When things are the way they “are supposed to be,” there is no need to mask or to change them. The cycle of wars, of famine and of illnesses will continue, but it will all be survived. Life unquestionably prevails. The world of Three Apples Fell from The Sky may not be a paradise but it is not a desperate world either. “That’s just the way it is,” is “the old people’s favorite phrase.”
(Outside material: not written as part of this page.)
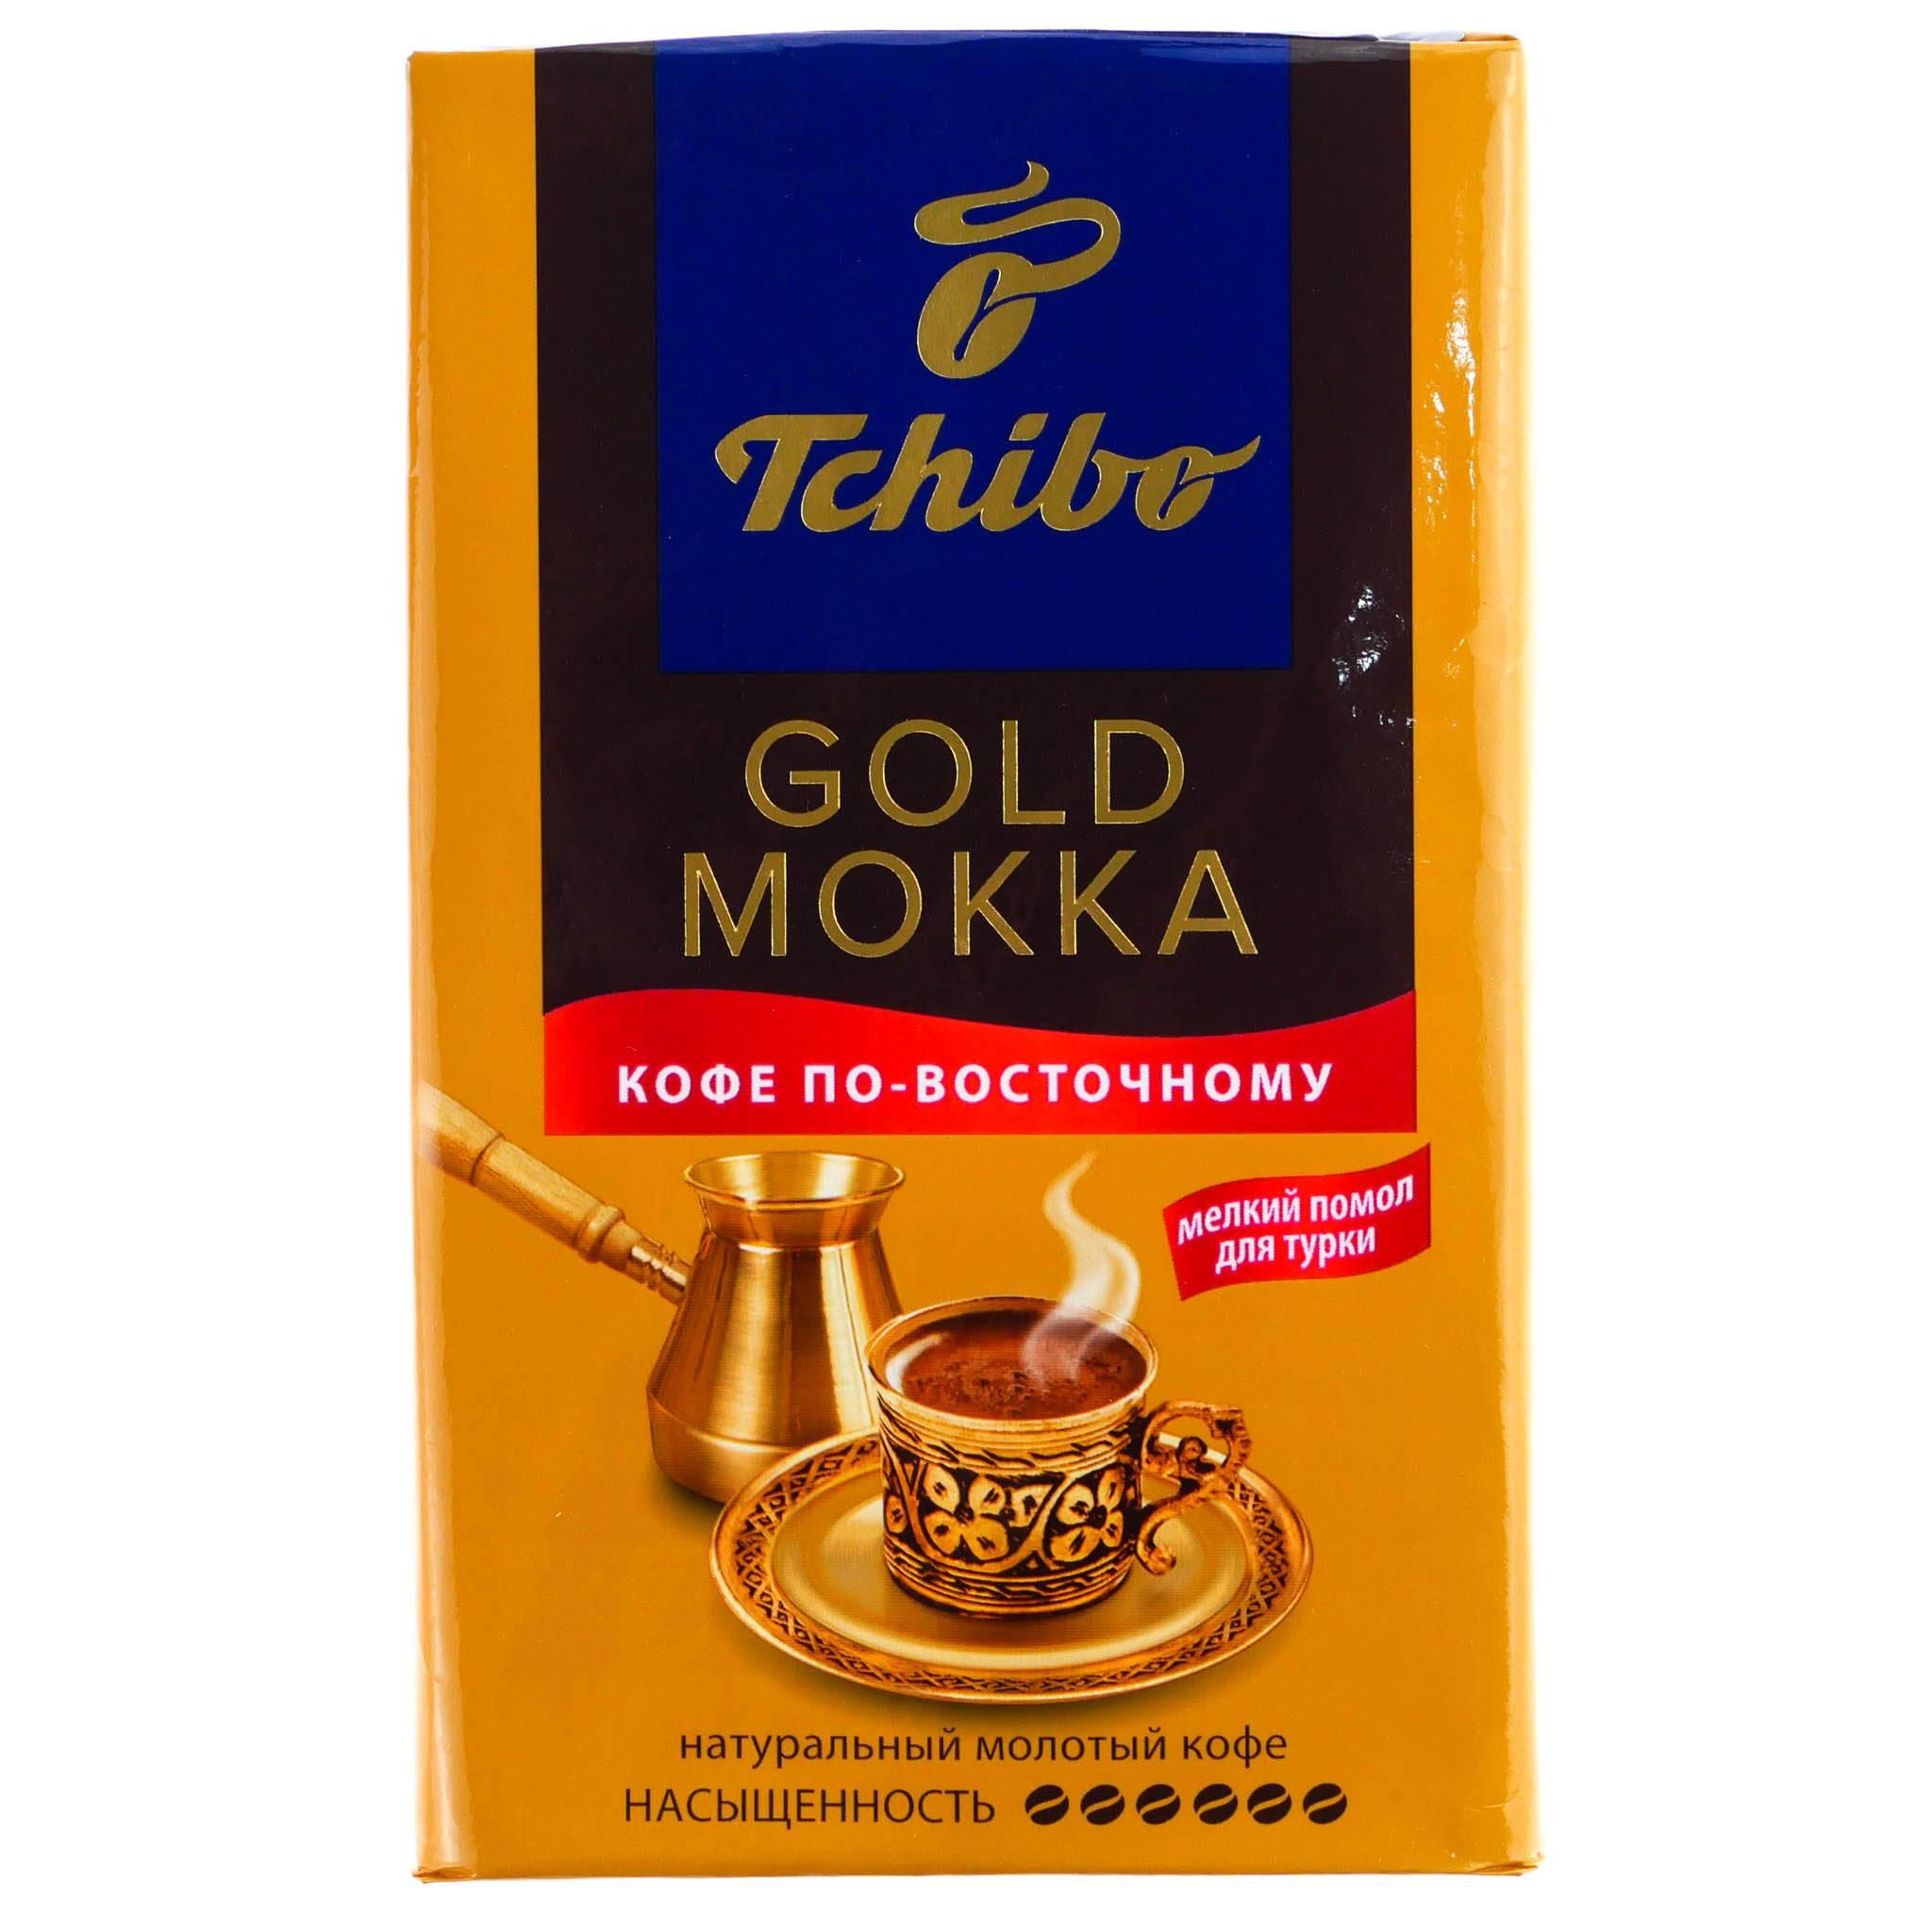 Какая турка для варки кофе лучше?

Abgaryan “delivers the world to us in its human dimension,“ to borrow the words of the celebrated French writer and philosopher Simone de Beauvoir (“What Can Literature Do?”). She creates a humane community where ails and misfortunes are redeemed by friendships and communication. We share in the Maranians’ unconditional connection to their fellow human beings. Even the fact that the gypsies, who occasionally came from the valley, spoke other languages and wore different clothing “held no significance whatsoever. In the end, the sky is always identically blue, and the wind blows exactly the same way wherever you were lucky enough to have been born,” writes Abgaryan. This focus on our common humanity might just be the balm to save us from despair at a time when we no longer find it possible to make sense of the greed that has taken over our lives. In fact, when many hope for doomsday, our sense of community is something we cannot afford to lose.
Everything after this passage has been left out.